- **Action item**
Repeat the lines below exactly as they appear, but leave out the images.

*** Opening Provided material ***

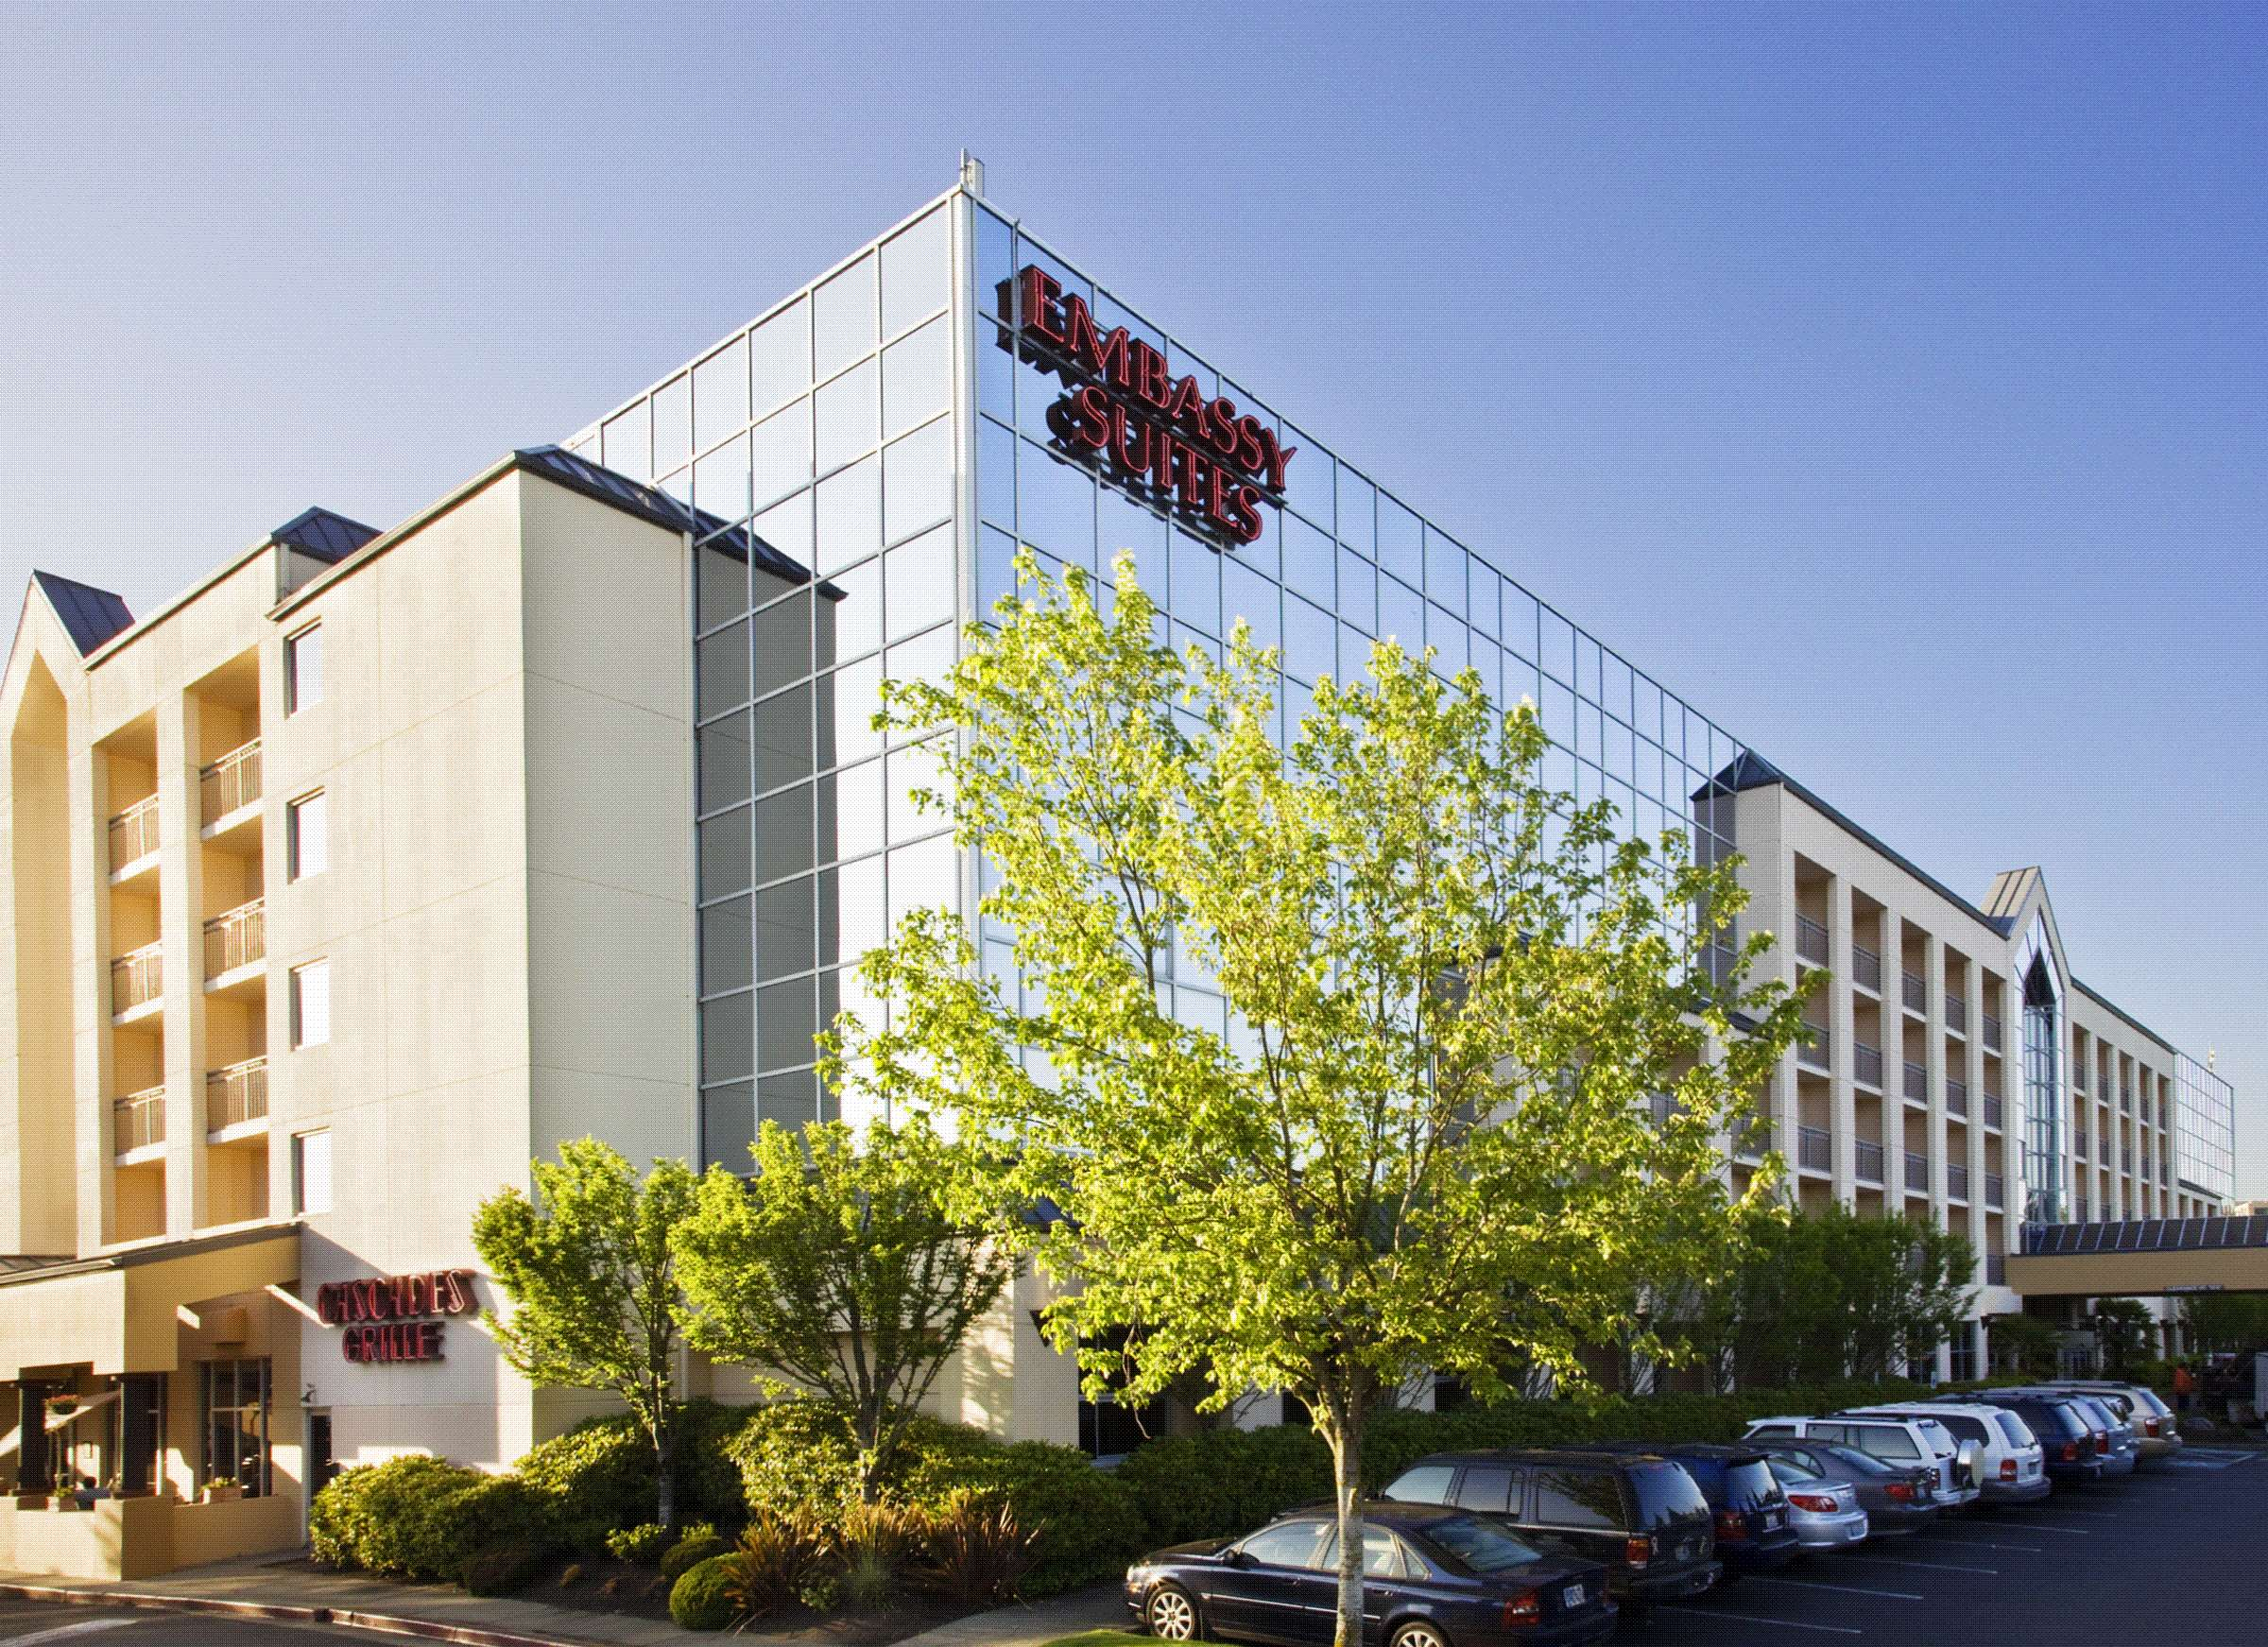 Hotels And Motels In Bellevue Wa
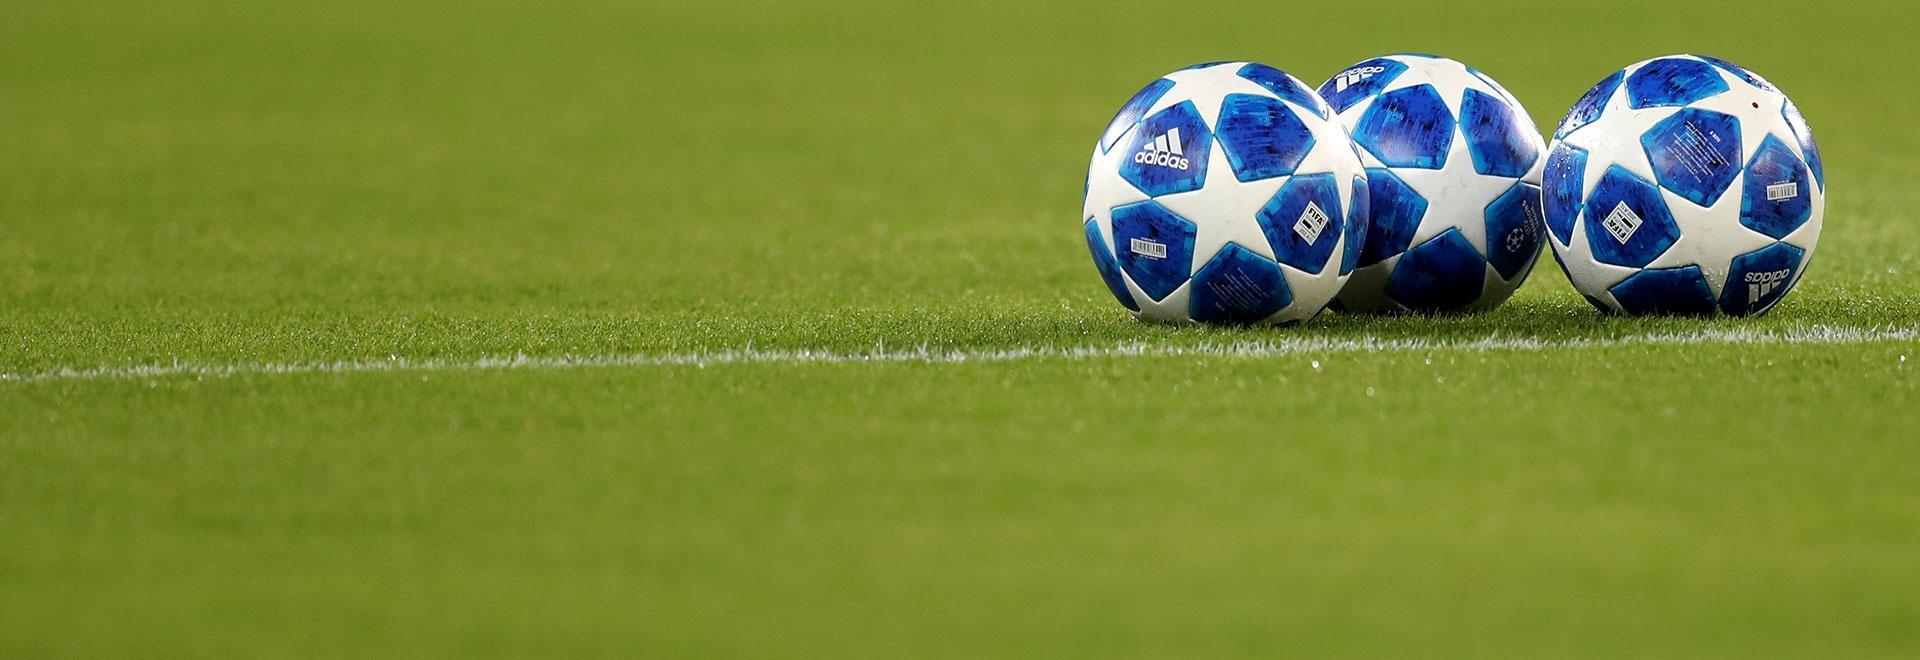 Borussia D. - Bayern M. 2013
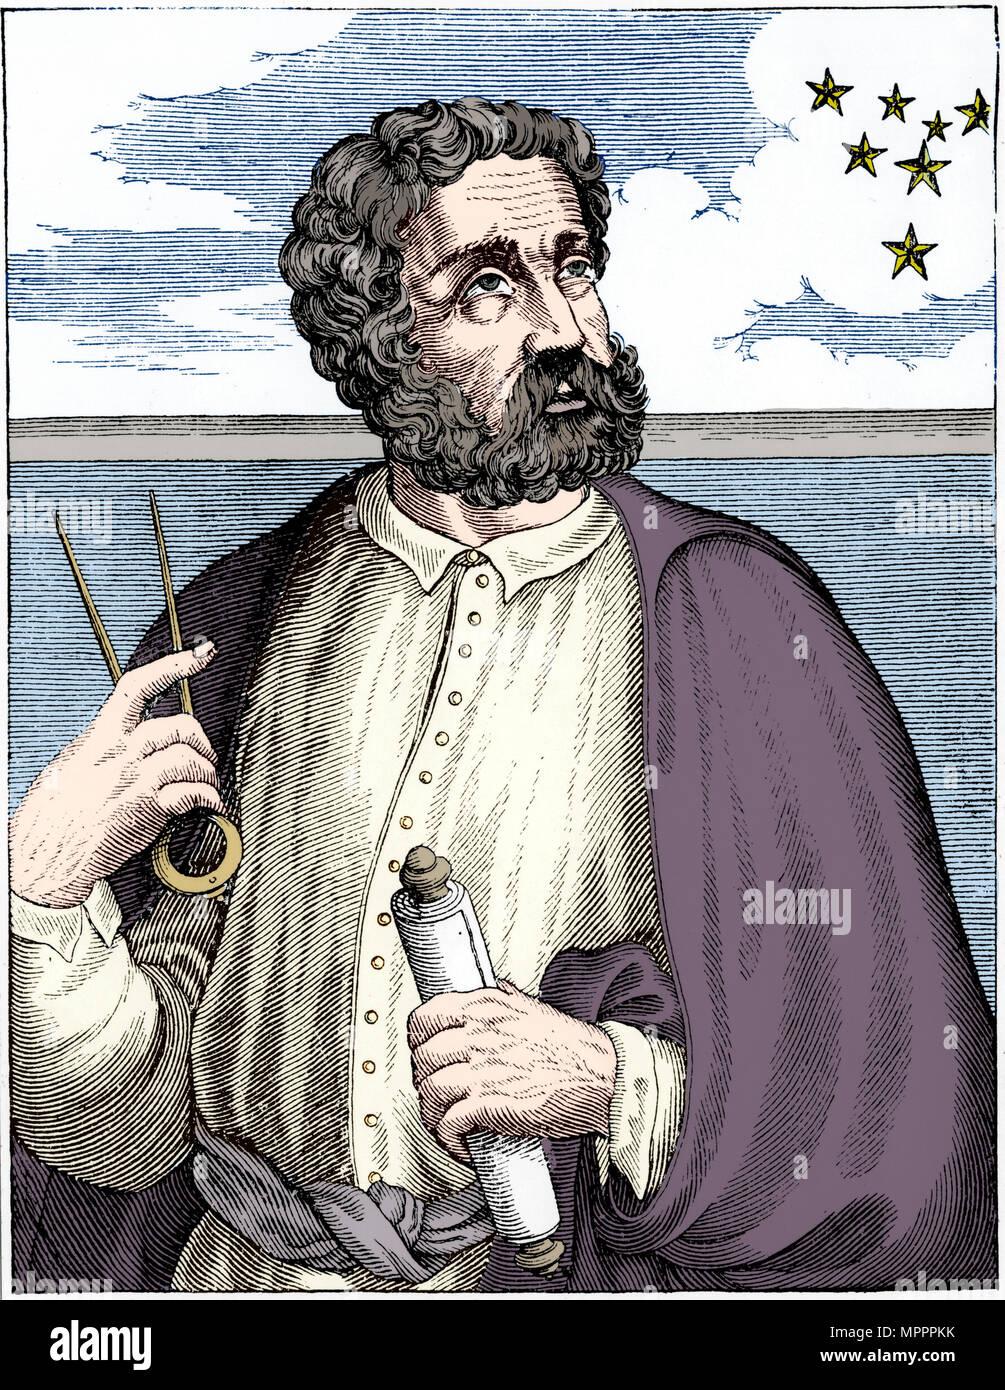 Ferdinand Magellan (c1480-c1521), Portugese navigator.  Artist: Unknown. - Stock Image
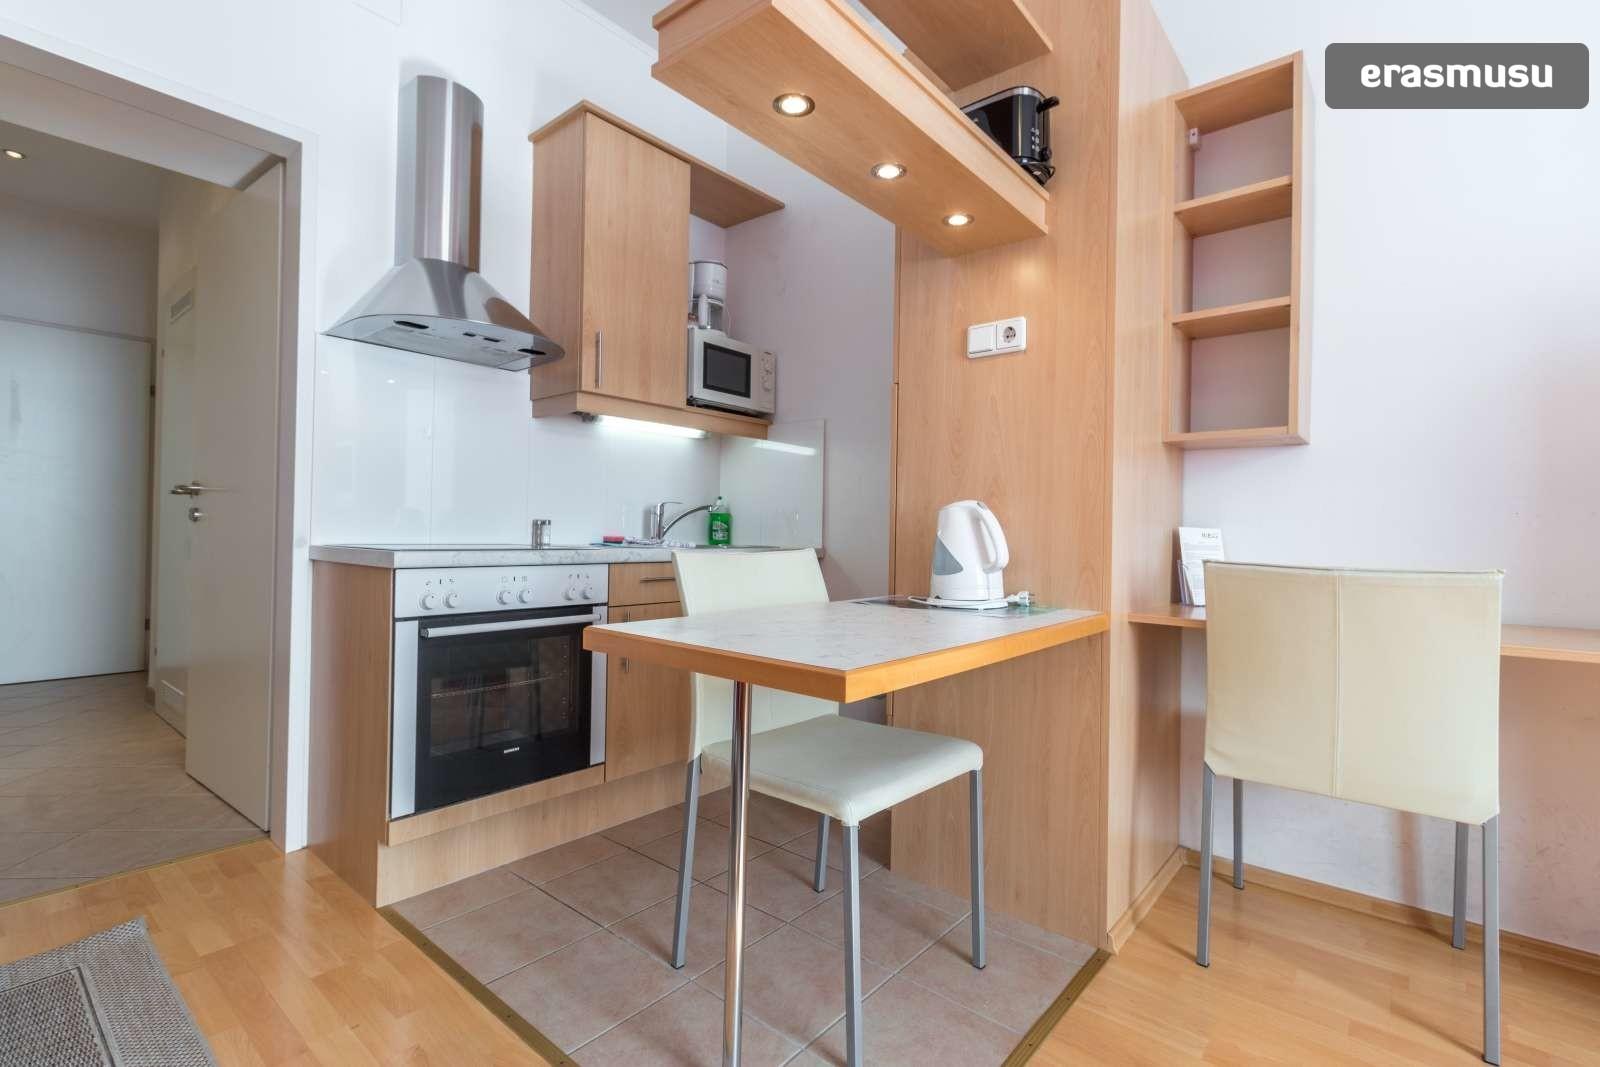 sunny-studio-apartment-rent-near-bohemian-prater-favoriten-5206a

*** Closing Provided material ***

- **Exercise answer**
 Hotels And Motels In Bellevue Wa
 Borussia D. - Bayern M. 2013
 Ferdinand Magellan (c1480-c1521), Portugese navigator.  Artist: Unknown. - Stock Image
 sunny-studio-apartment-rent-near-bohemian-prater-favoriten-5206a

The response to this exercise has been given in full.